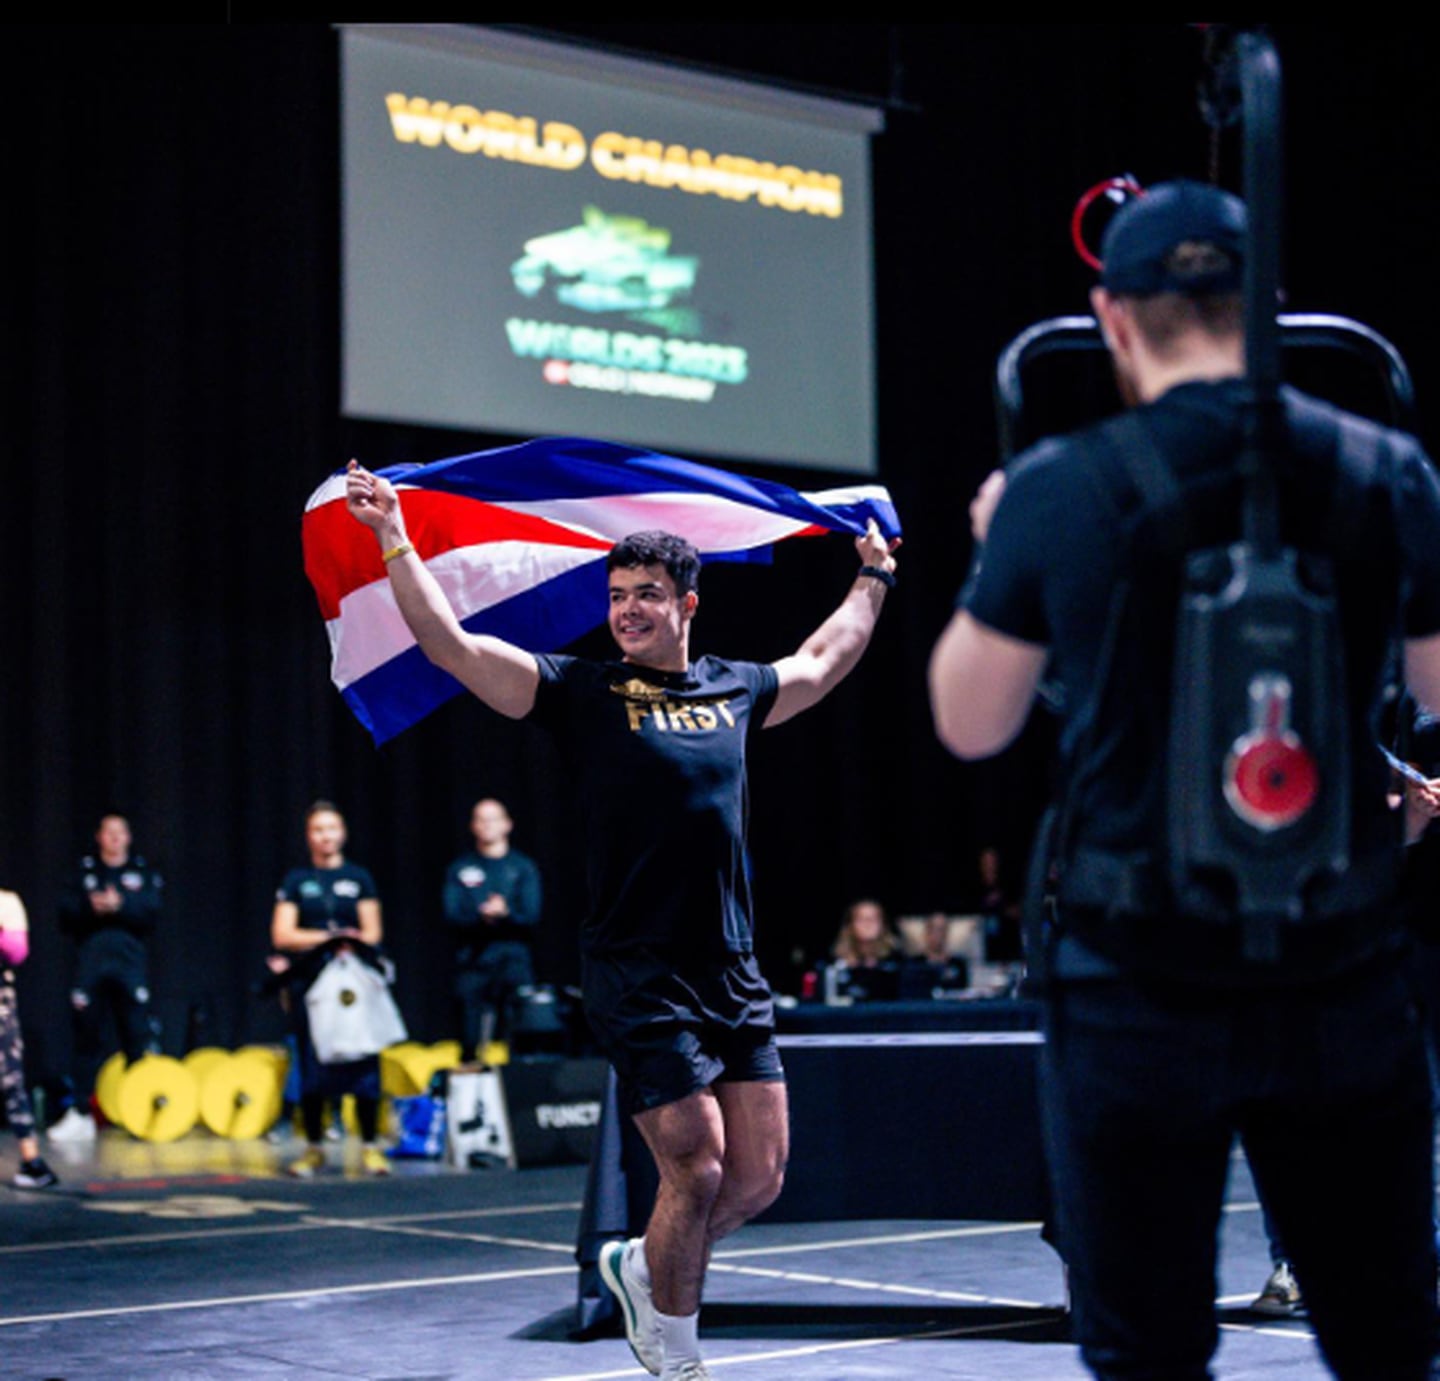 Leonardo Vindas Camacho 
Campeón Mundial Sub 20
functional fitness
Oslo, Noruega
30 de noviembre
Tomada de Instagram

====

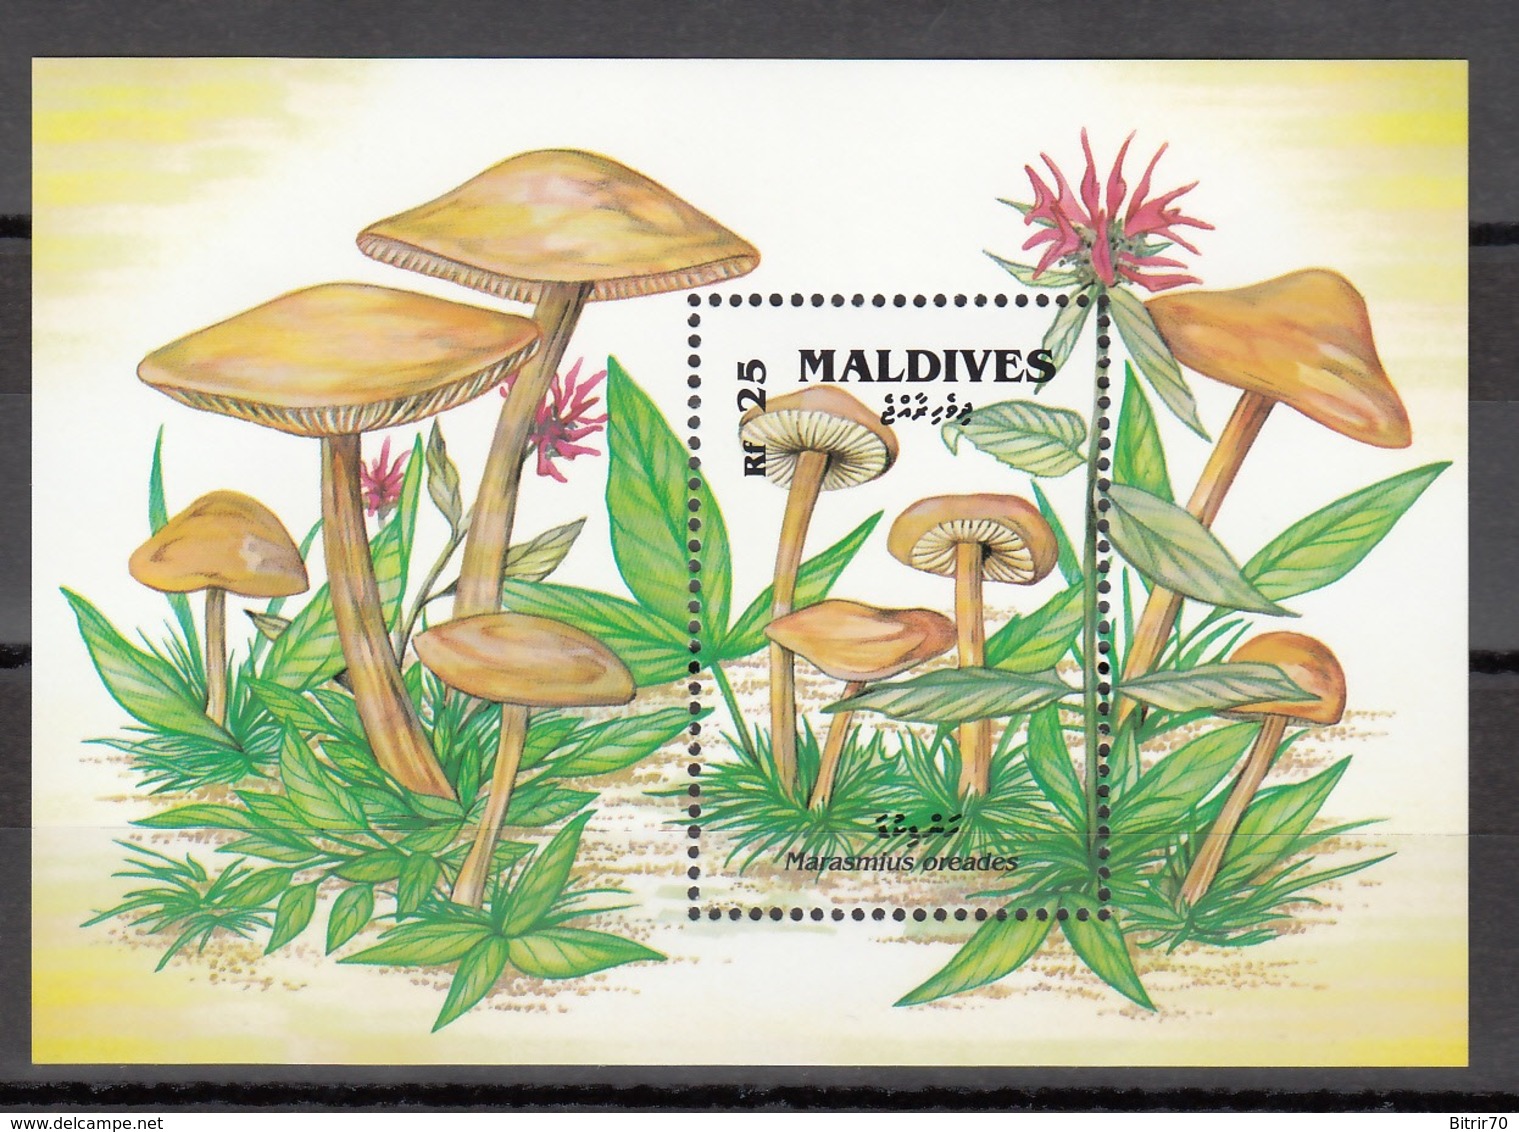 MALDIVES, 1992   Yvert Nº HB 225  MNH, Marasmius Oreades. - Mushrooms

====

*Task description*. Above are the entries. Quote exactly the lines from the one bearing "Campeón Mundial Sub 20" through the one bearing "Tomada de Instagram".

*Result*.
Campeón Mundial Sub 20
functional fitness
Oslo, Noruega
30 de noviembre
Tomada de Instagram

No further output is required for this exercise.